Хуан Онетти - Короткая жизнь
Согласно расписанию, которое лежало у меня в кармане, я должен был завтракать в 13.30; я ел с запозданием на двадцать минут. Следующий пункт — побриться, принять душ, выбрать в шкафу лучшую белую рубашку — следовало выполнить к 14.00. Я оставил несколько монет на столике, вышел на улицу и взял такси, на минуту став объектом расовой ненависти населения тротуаров. «Пожалуй, стоило бы отказаться от расписания, — подумал я в машине, — лучше принять душ и вытянуться на кровати; отыскать в шкафу старый метроном Гертруды, настроить его на темп ларгетто и ничего не делать, думая только о вечности, которую прибор будет резать на кусочки до шести часов вечера. В шесть вернуться к расписанию, спуститься на улицу, найти проститутку; расставшись с ней в 20.30, возвратиться на улицу Чили, поглазеть на горластых и осоловелых парней за окнами „Малютки Электры“, задержаться и поболтать с привратником, подняться в квартиру Кеки. Она будет дома одна, и я узнаю, кто я, кто этот другой».
Выйдя из лифта, я увидел спину женщины, протянувшей руку к звонку моей квартиры: я не мог узнать ее, пока она не обернулась, и в тот же миг я ощутил в ней нечто отторгающее от меня взволнованность и изумление.
— Здравствуй, — сказала она. — В чем дело? Ты как будто не рад…
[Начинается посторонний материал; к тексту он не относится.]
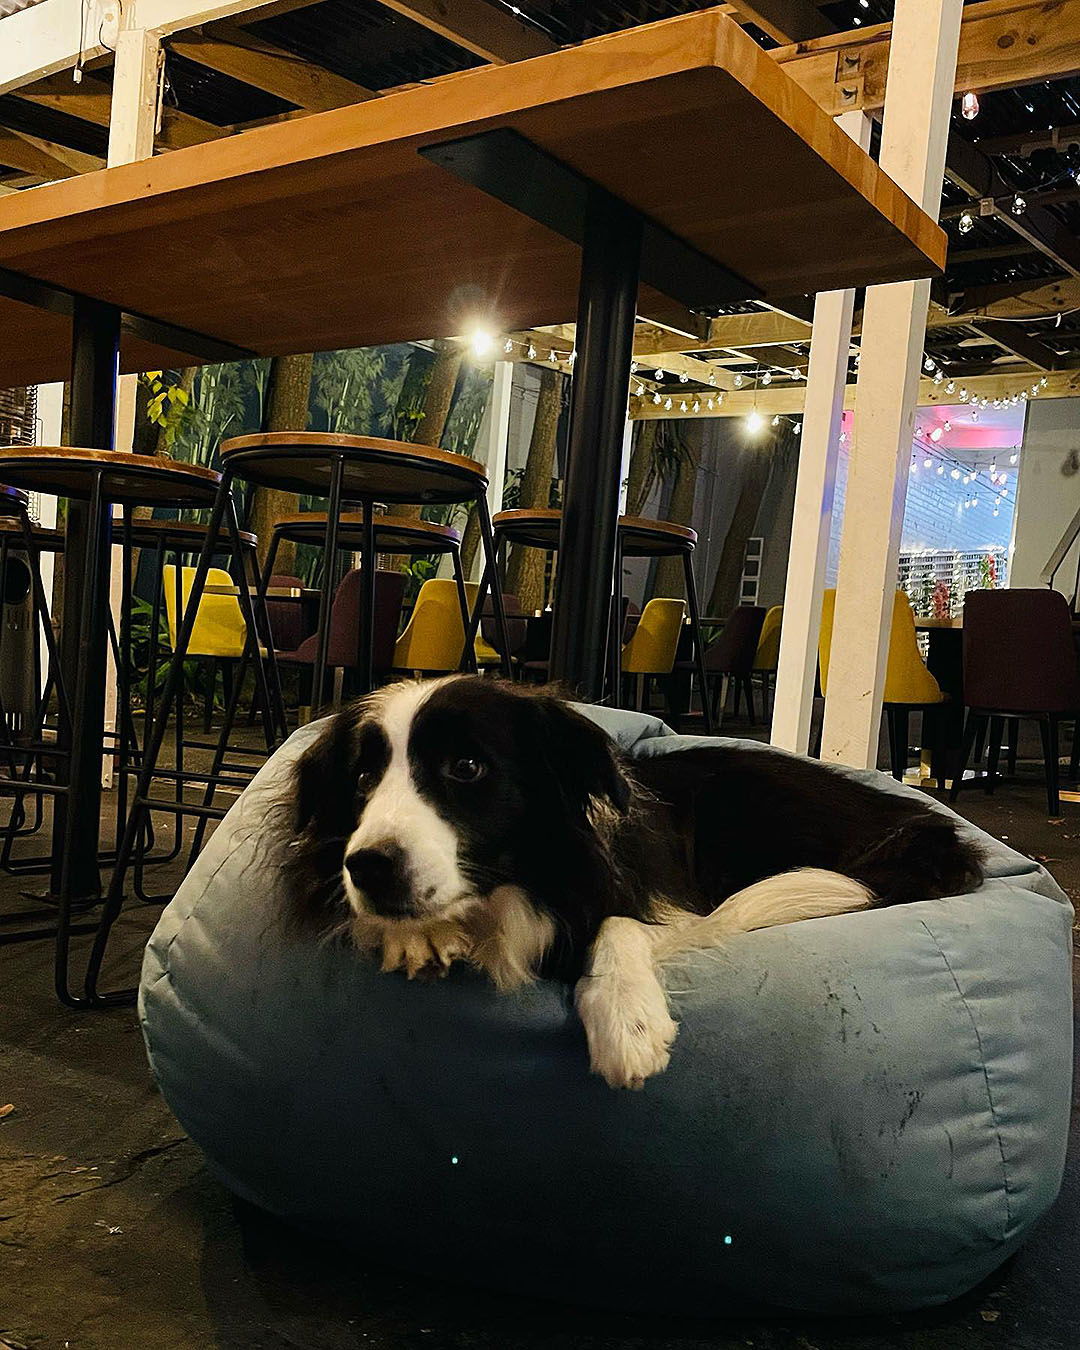 A dog relaxes on a bean bag at the Paw bar and eatery, one of the best dog-friendly bars and restaurants in Auckland.
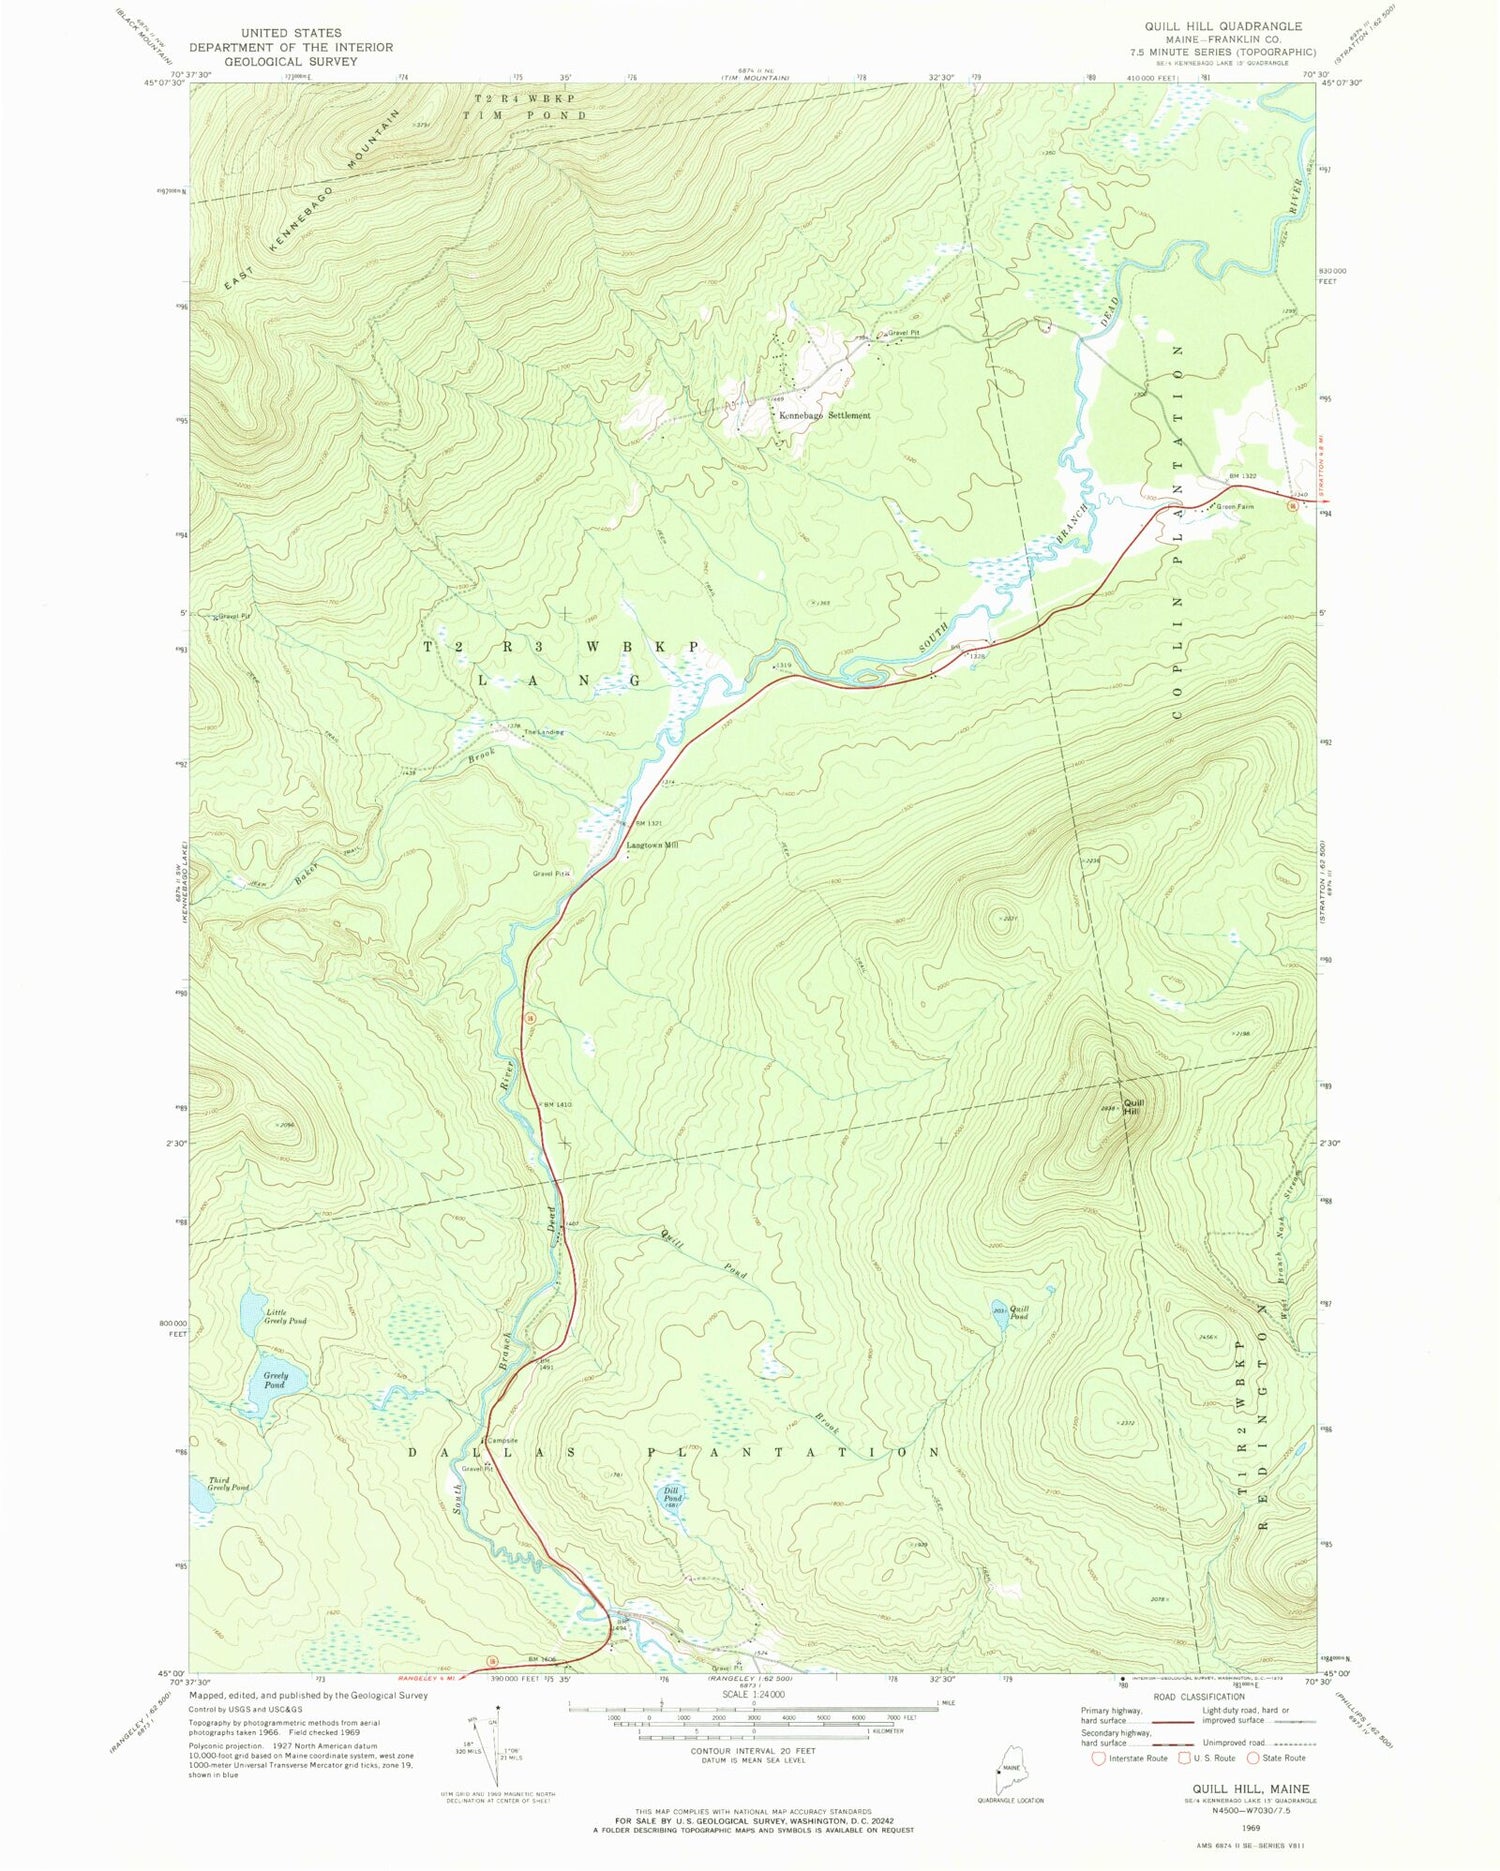 Classic USGS Quill Hill Maine 7.5'x7.5' Topo Map Image

Я молча пожал ей руку, улыбнулся, пытаясь понять по лицу и фигуре, что привело Ракель из-за границы, и такой отталкивающей, чем это странным, не связанным со мной, с тем, что мне дано помнить, веет от нее из темного закоулка, где моя дверь под прямым углом примыкает к двери Кеки. Возможно, этот новый мужчина, то есть я, не знал ее, или ее костистое бледное лицо было другим, не тем, которое я видел раньше и вызывал в воспоминаниях, которое соответствовало Ракели и должно было находиться под маленькой шляпой, урезавшей ее лоб до полумесяца.
— Я так удивлен, что ты здесь, — пробормотал я. — Гертруда со мной не живет.
— Знаю, — сказала она, кивнув; ее губы постепенно отделялись одна от другой, пока не осталось сомнений, что она улыбается; я увидел перед собой добрую безличную улыбку, изображенную для распространения терпимости. — Третий раз захожу к тебе. Была здесь утром, прямо с парохода. Наведалась в контору, но мне сказали, что ты там больше не работаешь.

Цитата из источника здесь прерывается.